What is Retrieval Augmented Generation (RAG)?

llm
rag
python
Author
Affiliation
Published

June 29, 2025

Modified

July 3, 2025

Retrieval Augmented Generation (RAG) is the most popular approach to providing LLMs with external information before they generate a response.

RAG is a technique where you retrieve the information required to solve a user’s query, then augment the context of the LLM with that information, and generate a response.

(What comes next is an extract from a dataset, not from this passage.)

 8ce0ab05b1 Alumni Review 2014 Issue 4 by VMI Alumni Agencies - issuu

In this tutorial, you’ll learn why RAG is useful, when to use it, and how to build your own RAG pipeline, step-by-step, using Python.

Let’s get started!

What is RAG?

It’s a technique to improve LLM answers by providing them with external information before they generate a response. It consists of three steps:

  1. Retrieve: The system starts by searching a specific knowledge base for relevant information about the query.
  2. Augment: This retrieved information is added to context that’s used by the LLM to generate a response.
  3. Generate: The LLM uses both your question and the provided information to generate an answer.

In addition to reducing costs and latency, RAG is useful because it reduces hallucinations, lets you use current data, and builds trust with users by (potentially) providing citations.

Vector databases

A vector database (VectorDB) is a database designed to store and query data as vector embeddings (numerical representations). So, provided with a user query, it’s the engine you use to find the most similar data in your database. It’s one of the most popular components of the retrieval step in RAG pipelines.

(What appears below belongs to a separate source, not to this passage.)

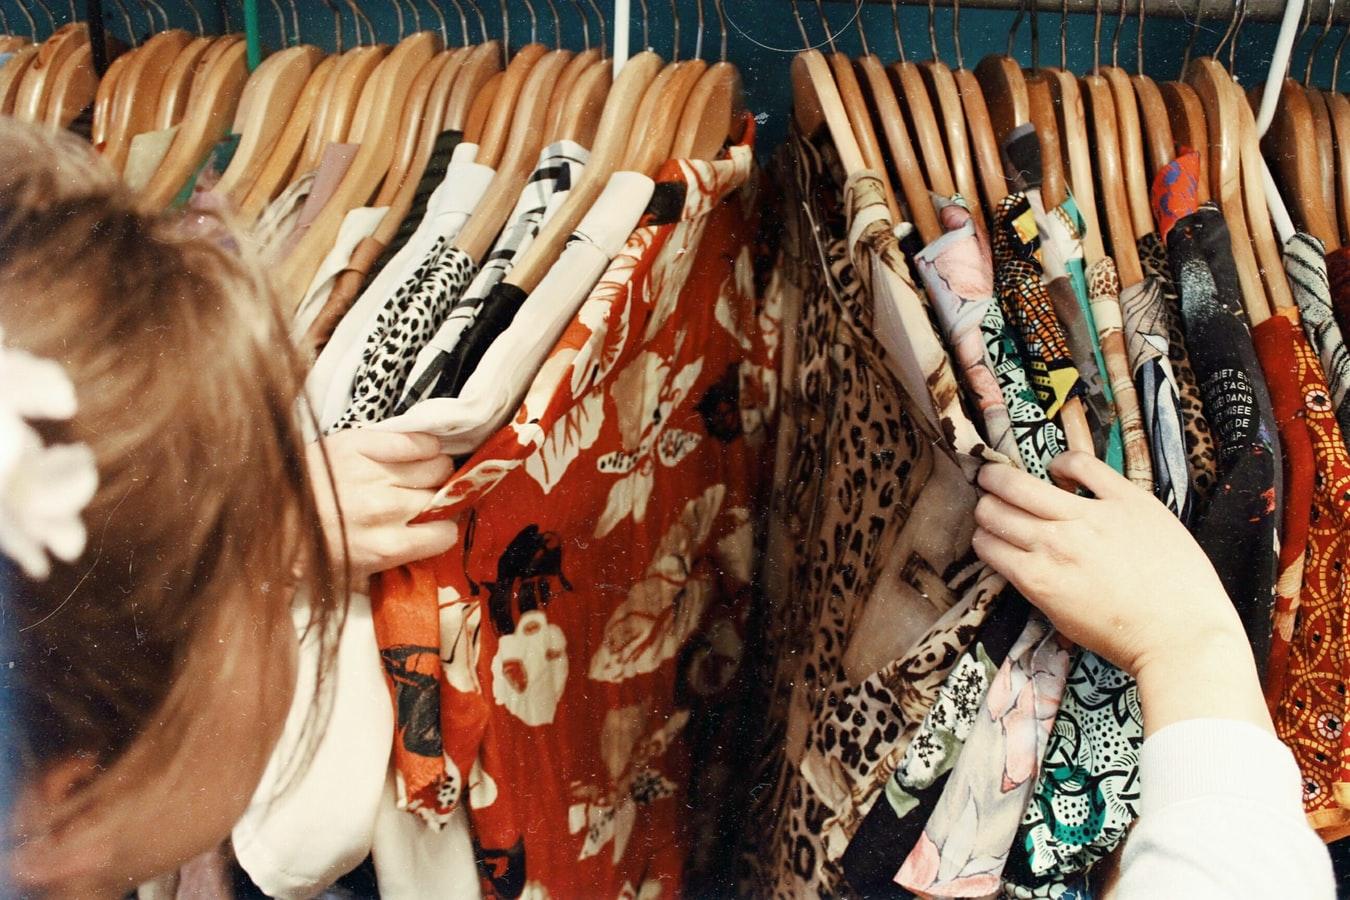 零售商紛紛關店,使年長女性愈來愈難購衣。(Photo by Becca McHaffie on Unsplash)

In recent years, many new vector databases have been created. But, in most cases, they had to re-discover that many of the ideas in the old generation of vector databases such as BM25-based retrieval were still valid and useful.

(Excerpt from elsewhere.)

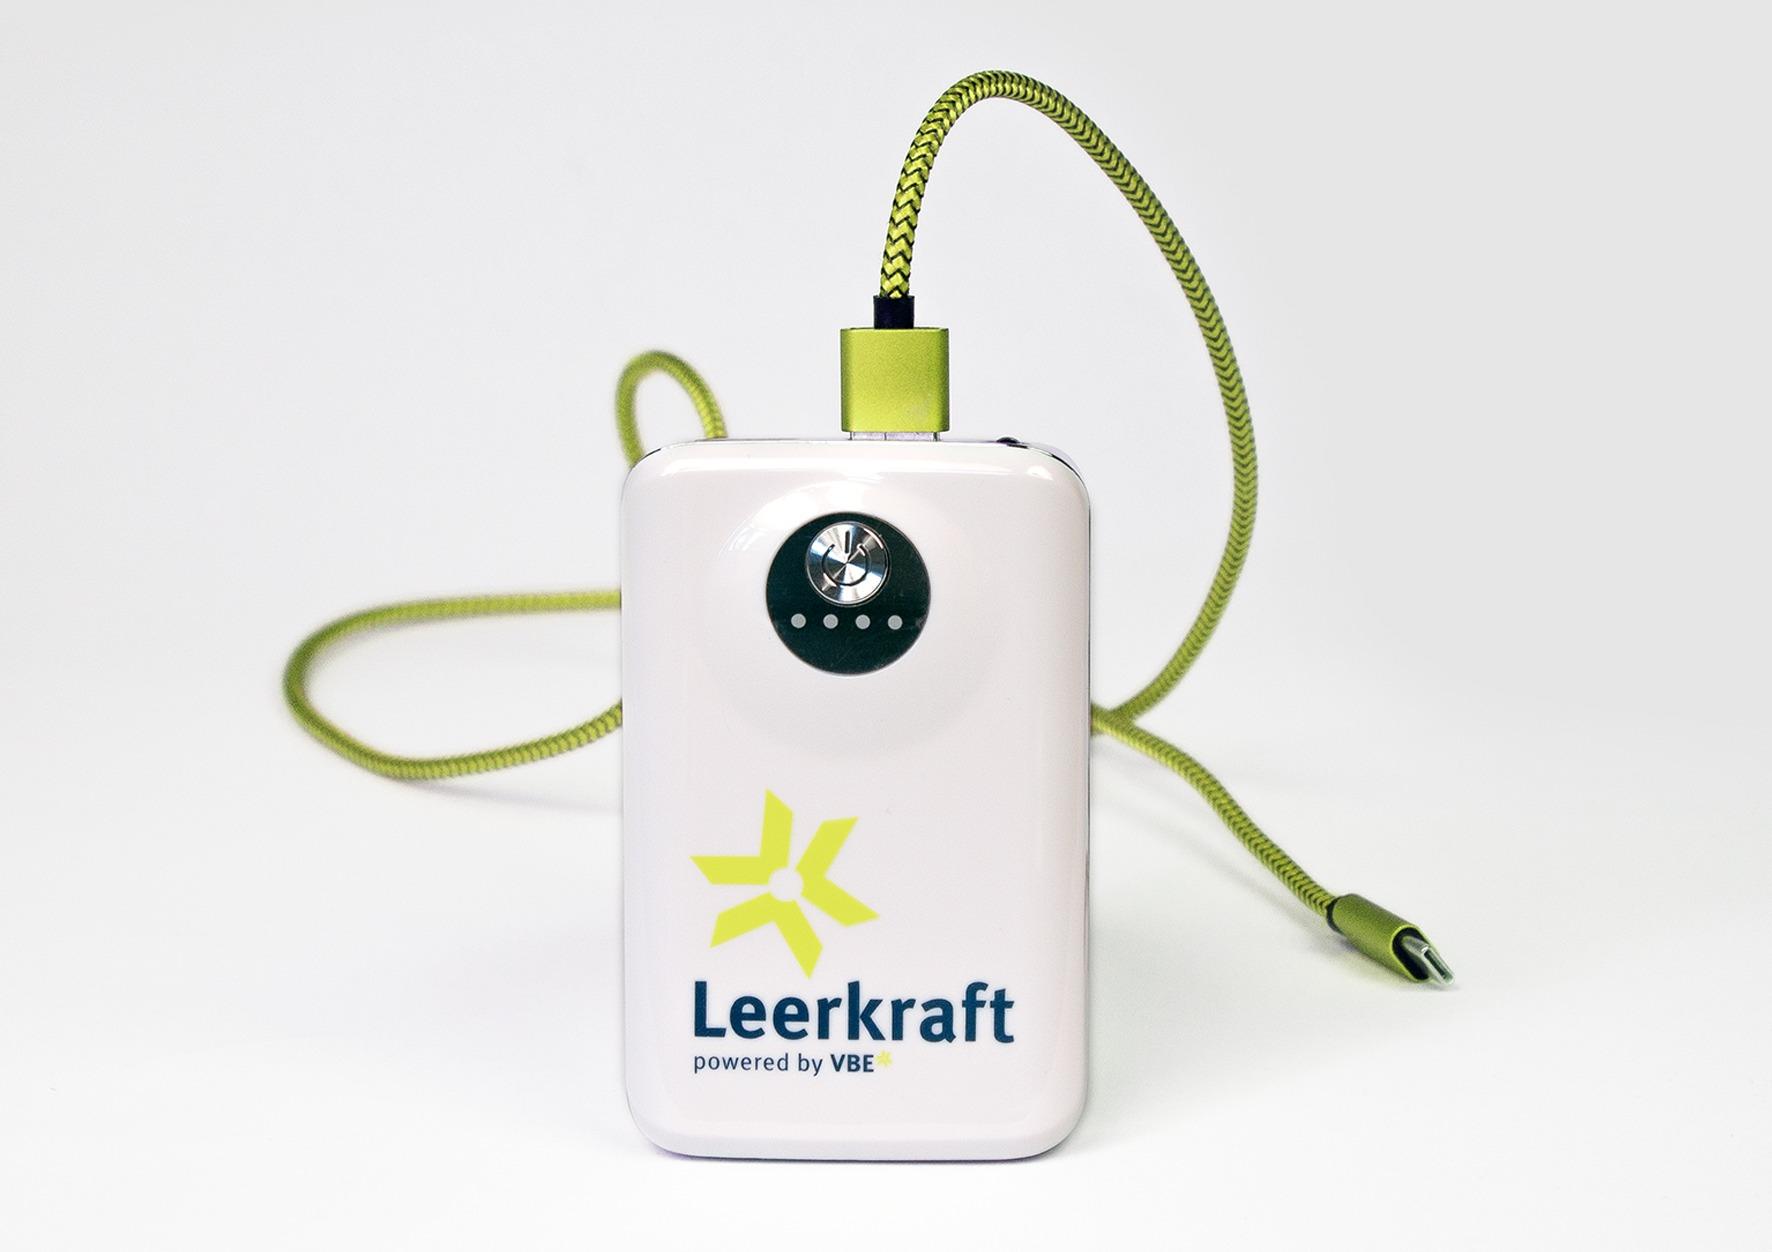 Powerbank als Prämie mit Slogan und Logo bedruckt - Merchandizing - Typoly

Some popular vector databases are:

  1. New generation: Qdrant, Chroma, Pinecone, Weaviate.
  2. Old generation: Elasticsearch/OpenSearch and Postgres+PGVector

In this tutorial, you’ll use Chroma. For client projects, I’ve used Elasticsearch, Postgres, Weaviate, and Qdrant. Many companies are already using Elasticsearch or Postgres, so it’s often easier to get started with them.

Why use a VectorDB?

If you have a small dataset, there’s no real reason to use a vector database. But if you’re dealing with thousands or millions of documents, you’ll need to use a vector database to efficiently retrieve the most relevant documents.

They’re useful because:

  1. The more noise in the context provided to the LLM, the more likely it is to produce bad output.
  2. It takes more time to process a longer context
  3. It costs more to process a longer context

Retrieval

Retrieval is the process of finding the most relevant documents in the vector database. There are two main approaches when dealing with text-based data: term-based retrieval and embedding-based retrieval.

Term-based retrieval

Term-based retrieval is a technique that uses the terms in the query to find the most relevant documents in the vector database.

It’s based on the following ideas:

  1. TF-IDF: Counts how often a term appears in this document (TF). Measures how rare the word is across all documents (IDF). Highlights terms important and unique to this specific document.
  2. Okapi BM25: Expands TF-IDF to introduce a weighting mechanism for term saturation and document length.

Embedding-based retrieval

Embedding-based retrieval is a technique that uses the embedding of the query to find the most relevant documents in the vector database.

For small datasets, you can use k Nearest Neighbors (k-NN) approach to find the most relevant documents, in which you calculate the similarity score between the query vector and every other vector stored in the VectorDB. Sort all the vectors based on these similarity scores and return the ‘k’ most similar vectors (relative to the query).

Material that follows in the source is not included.